I selected the busiest morning of the week, a Sunday, when the bets were flying on the day’s big money Tiercé race – select the first three in a 20 runner handicap – and the pastis levels were high. Sunday was the day when the locals dressed their best, as well, either before or after greeting the Lord. It was my re-appearance after a Christmas away, so added impact came from that.
I presented the bottle to Marcel, and told him: “here is a bottle of English wine that I brought back from England for you. The estate has not yet bottled it, but I thought it would interest you.” He was stopped in his tracks. I had brought a corkscrew, but for the sake of transparency I suggested that anyone in the bar could draw the cork.

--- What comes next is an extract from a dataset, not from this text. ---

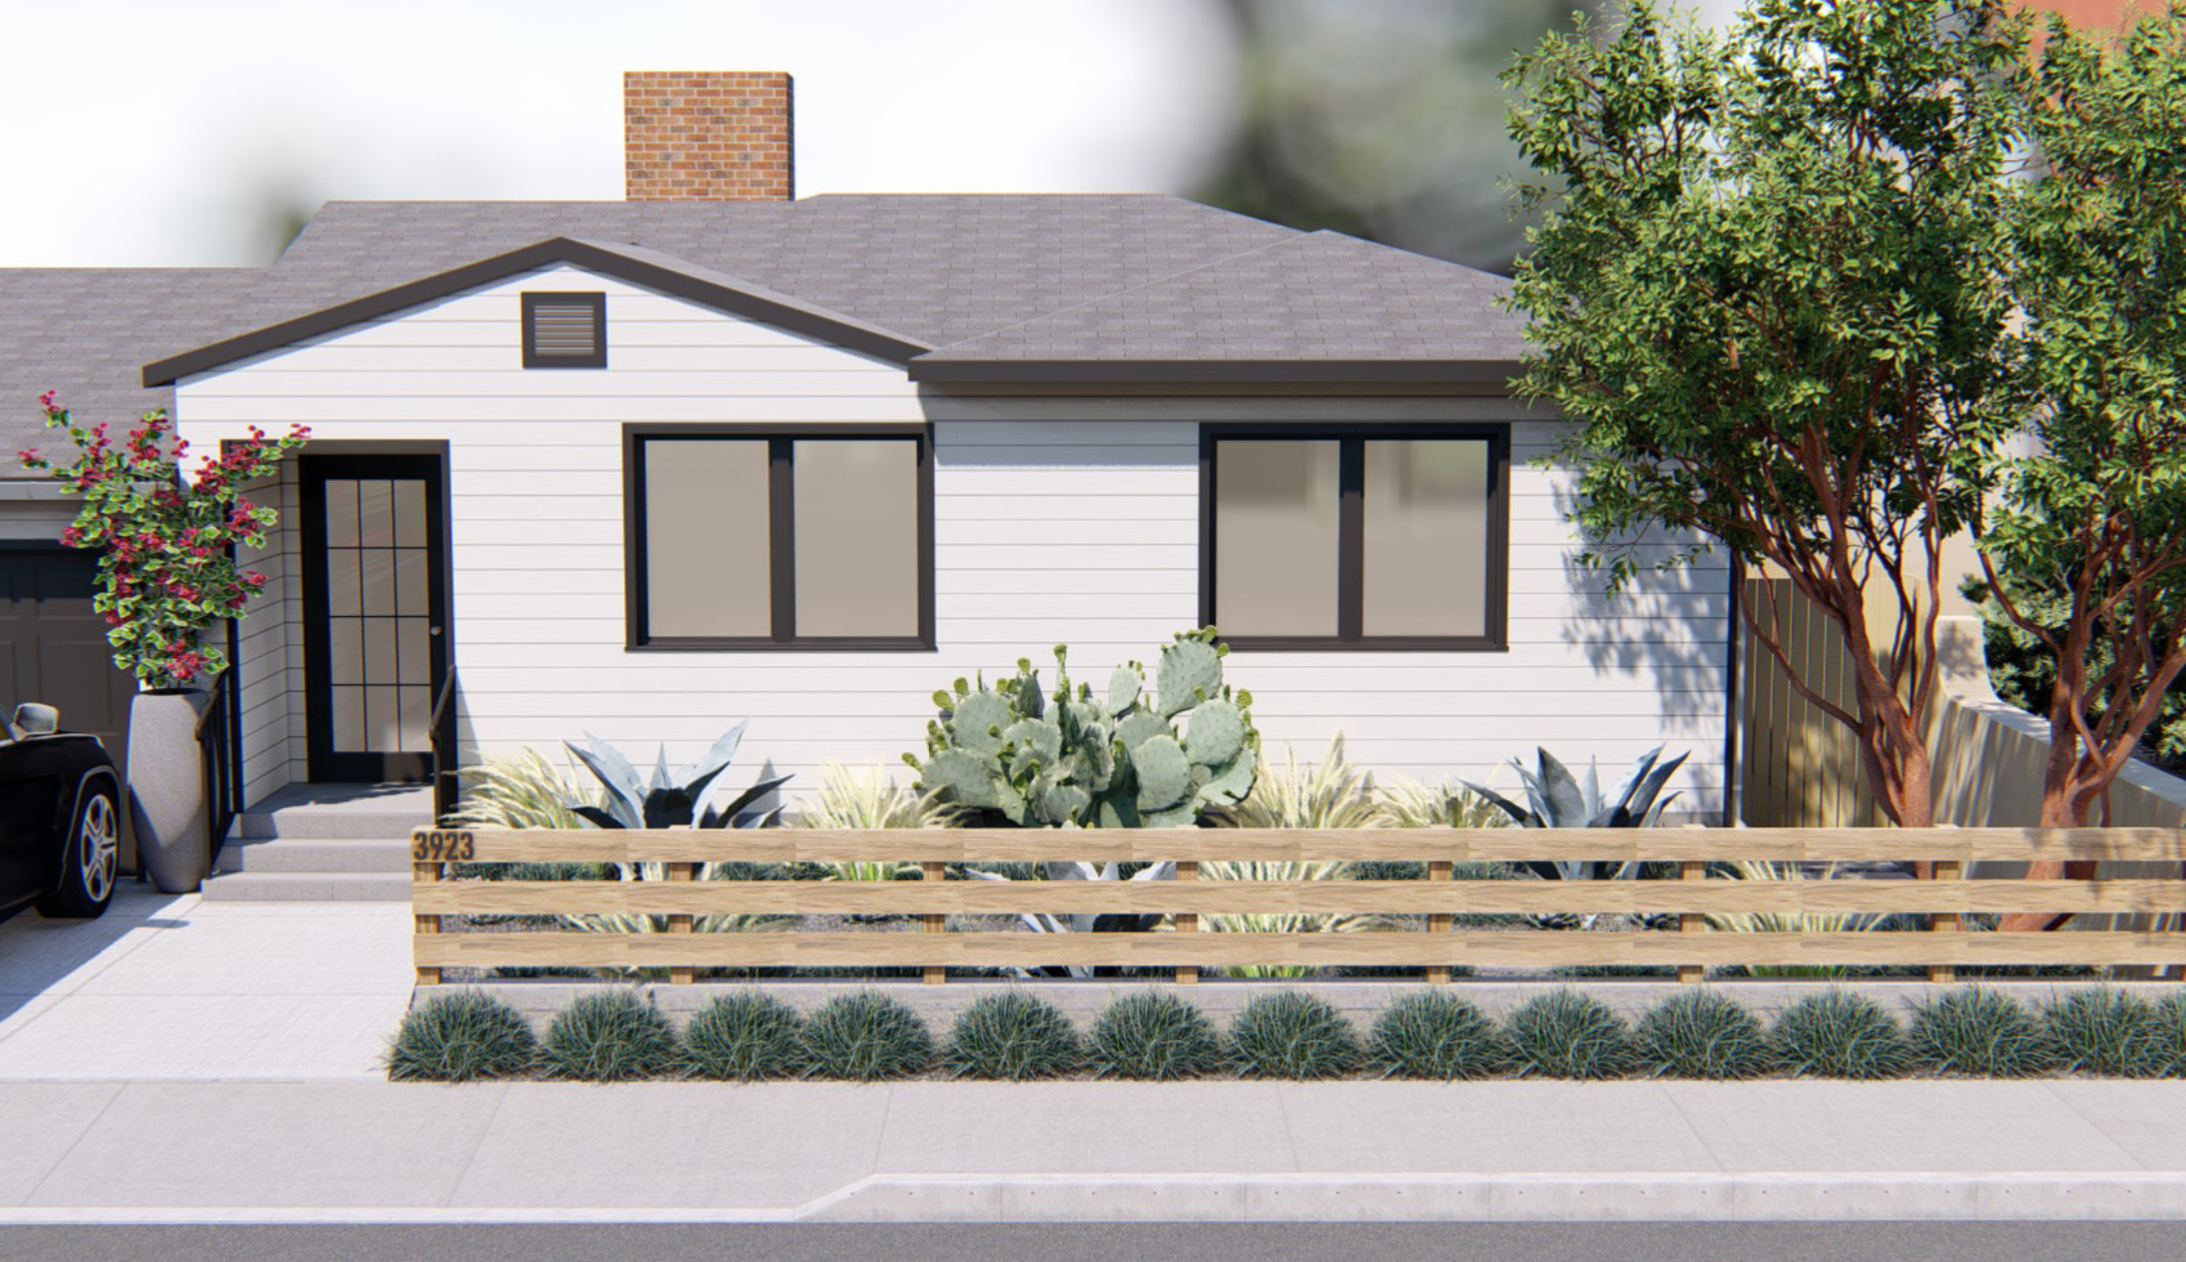 The front yard of the home features the same poured-in-place concrete pavers and beach pebbles that are used in the backyard, and the plantings also coordinate. The fence will be extended with a gate across the driveway.

POP! There was a hushed silence as the first glass was poured for Marcel. His judgment was awaited. “Ce n’est pas mal, eh,” he declared, nodding as he savoured some Southern Rhône Grenache. The next move was of course to offer the wine around the bar: there were many eager takers, and soon we had a Clochemerle-style happening, with bets paused, pastis drinking suspended, and the unsuspecting locals savouring a wine made up the road, but thought to be from across the sea. I was congratulated, hailed as a bit of a hero, and certainly England’s stock rose for a brief few minutes.
Alas, as there has to be an alas. Marcel’s son Aimé, at least double his size - so the distaff side must have been lanky - had never really gone for me. Where Marcel was open and chatty, fit and wiry as a butcher’s dog, the dark-haired, pudgy, unfit Aimé [getting my own back there] was closed, sceptical, never one for a real laugh.
With a cry, he suddenly brandished the corkscrew, the cork still attached. He unwound the cork, and declaimed to the whole bar, “THE CORK SAYS MIS EN BOUTEILLE AU DOMAINE!”
I was a goner. Resistance was futile; I claimed that English wineries bought French corks since they were the best, but I was toast. My fall from grace was rapid, and the belief that England and Englishmen had no right to be able to make wine, talk about it, write about it, probably even drink it, continued, stronger than ever, in that PMU bar in sunny Aix-en-Provence. Still, I had my five minutes of triumph, the fish on the line for those glorious moments. But for one fatal flaw… oh well.